To use an OpenAI model, make sure you defined the env variable OPENAI_API_KEY with a valid token and uncomment the line after "# to use an OpenAI model:". For an OpenAI model, make sure you defined the env variable OPENAI_API_KEY with a valid token and uncomment the line after "# to use an OpenAI model:".

# load env variables like OPENAI_API_KEY from a .env file (if available)
try: from dotenv import load_dotenv; load_dotenv()
except: ...

from sibila import Models

# delete any previous model
try: del model
except: ...

# to use a local model, assuming it's in ../../models:
# setup models folder:
Models.setup("../../models")
# set the model's filename - change to your own model
model = Models.create("llamacpp:openchat-3.5-1210.Q4_K_M.gguf")

# to use an OpenAI model:
# model = Models.create("openai:gpt-4")

Let's use this fragment from Wikipedia's entry on the Fiji islands: https://en.wikipedia.org/wiki/

doc = """\
Fiji, officially the Republic of Fiji,[n 2] is an island country in Melanesia,
part of Oceania in the South Pacific Ocean. It lies about 1,100 nautical miles 
(2,000 km; 1,300 mi) north-northeast of New Zealand. Fiji consists of 
an archipelago of more than 330 islands—of which about 110 are permanently 
inhabited—and more than 500 islets, amounting to a total land area of about 
18,300 square kilometres (7,100 sq mi). The most outlying island group is 
Ono-i-Lau. About 87% of the total population of 924,610 live on the two major 
islands, Viti Levu and Vanua Levu. About three-quarters of Fijians live on 
Viti Levu's coasts, either in the capital city of Suva, or in smaller 
urban centres such as Nadi (where tourism is the major local industry) or 
Lautoka (where the sugar-cane industry is dominant). The interior of Viti Levu 
is sparsely inhabited because of its terrain.[13]

The majority of Fiji's islands were formed by volcanic activity starting around 
150 million years ago. Some geothermal activity still occurs today on the islands 
of Vanua Levu and Taveuni.[14] The geothermal systems on Viti Levu are 
non-volcanic in origin and have low-temperature surface discharges (of between 
roughly 35 and 60 degrees Celsius (95 and 140 °F)).

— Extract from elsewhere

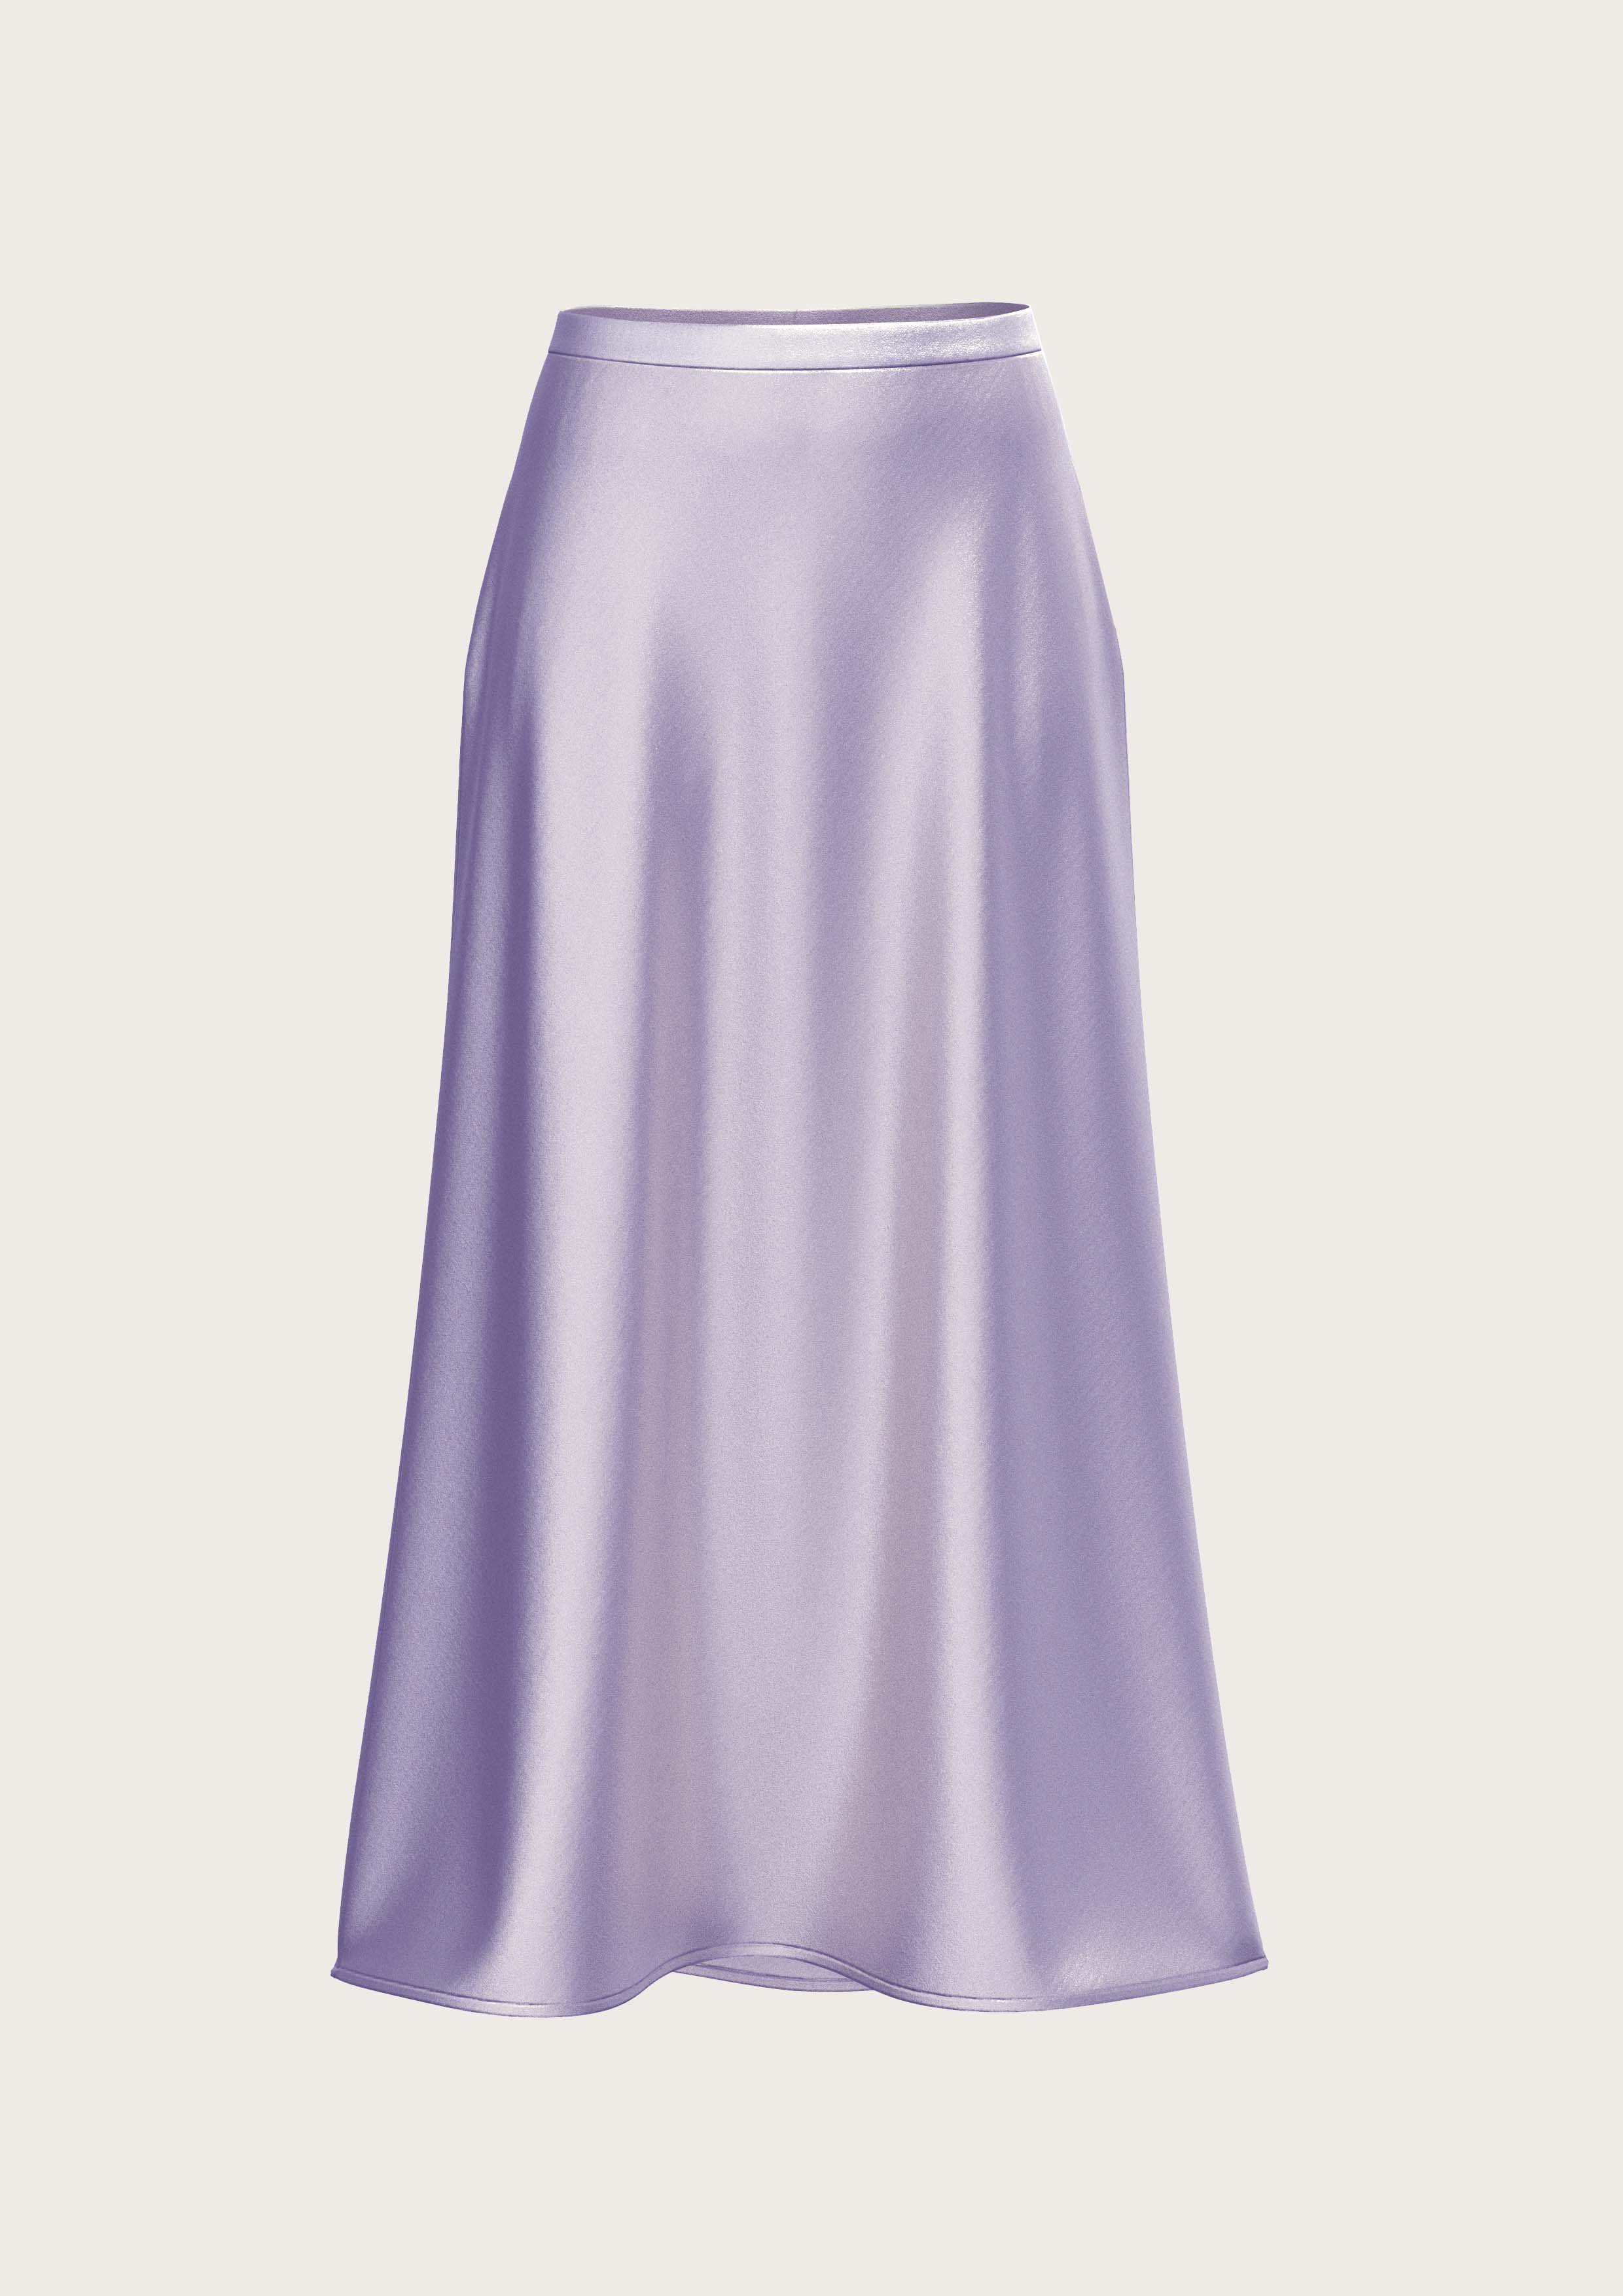 Silk Midi Skirt Meena in Lavender (Kopie)

Humans have lived in Fiji since the second millennium BC—first Austronesians and 
later Melanesians, with some Polynesian influences. Europeans first visited Fiji 
in the 17th century.[15] In 1874, after a brief period in which Fiji was an 
independent kingdom, the British established the Colony of Fiji. Fiji operated as 
a Crown colony until 1970, when it gained independence and became known as 
the Dominion of Fiji. In 1987, following a series of coups d'état, the military 
government that had taken power declared it a republic. In a 2006 coup, Commodore 
Frank Bainimarama seized power. In 2009, the Fijian High Court ruled that the 
military leadership was unlawful. At that point, President Ratu Josefa Iloilo, 
whom the military had retained as the nominal head of state, formally abrogated 
the 1997 Constitution and re-appointed Bainimarama as interim prime minister. 
Later in 2009, Ratu Epeli Nailatikau succeeded Iloilo as president.[16] On 17 
September 2014, after years of delays, a democratic election took place. 
Bainimarama's FijiFirst party won 59.2% of the vote, and international observers 
deemed the election credible.[17] 
"""

# model instructions text, also known as system message
inst_text = "Be helpful and provide concise answers."

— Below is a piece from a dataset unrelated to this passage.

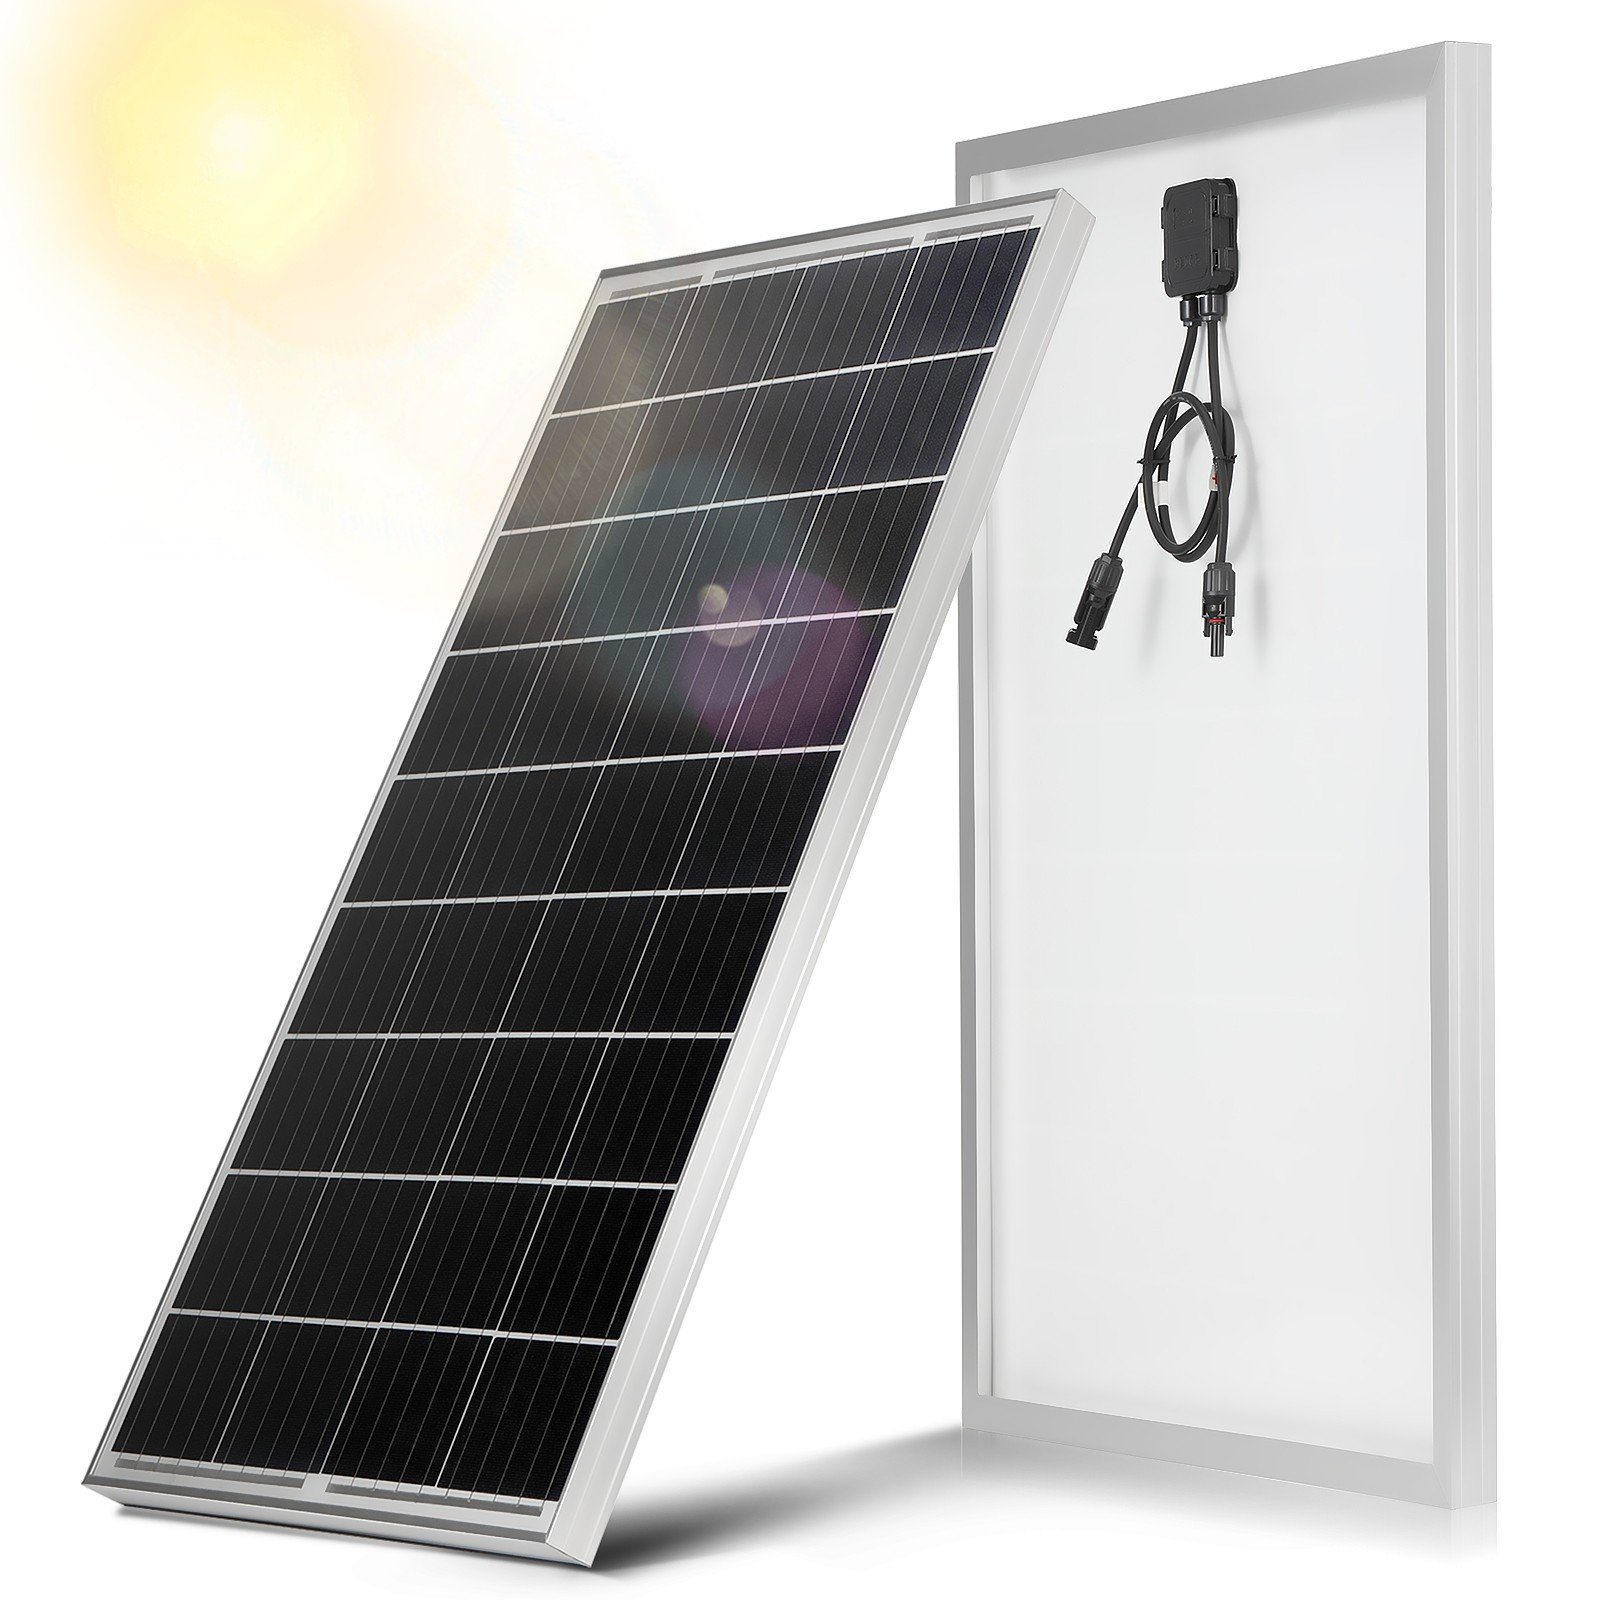 LETGOSPT Solarmodul 100W / 150W 18V Solarmodul Monokristallin Solarpanel Photovoltaik, IP67 Wasserdichte, Ideal zum Aufladen von Batterien Wohnmobil Garte 100W-1

Let's start with a free text query by calling model().

in_text = "Extract 5 keypoints of the following text:\n" + doc

out = model(in_text, inst=inst_text)
print(out)
1. Fiji is an island country in Melanesia, part of Oceania in the South Pacific Ocean.
2. It consists of more than 330 islands with a total land area of about 18,300 square kilometres (7,100 sq mi).
3. The majority of Fiji's population lives on the two major islands, Viti Levu and Vanua Levu.
4. Most of Fiji's islands were formed by volcanic activity starting around 150 million years ago.
5. Fiji has a history of political instability, with multiple coups and changes in government since gaining independence in 1970.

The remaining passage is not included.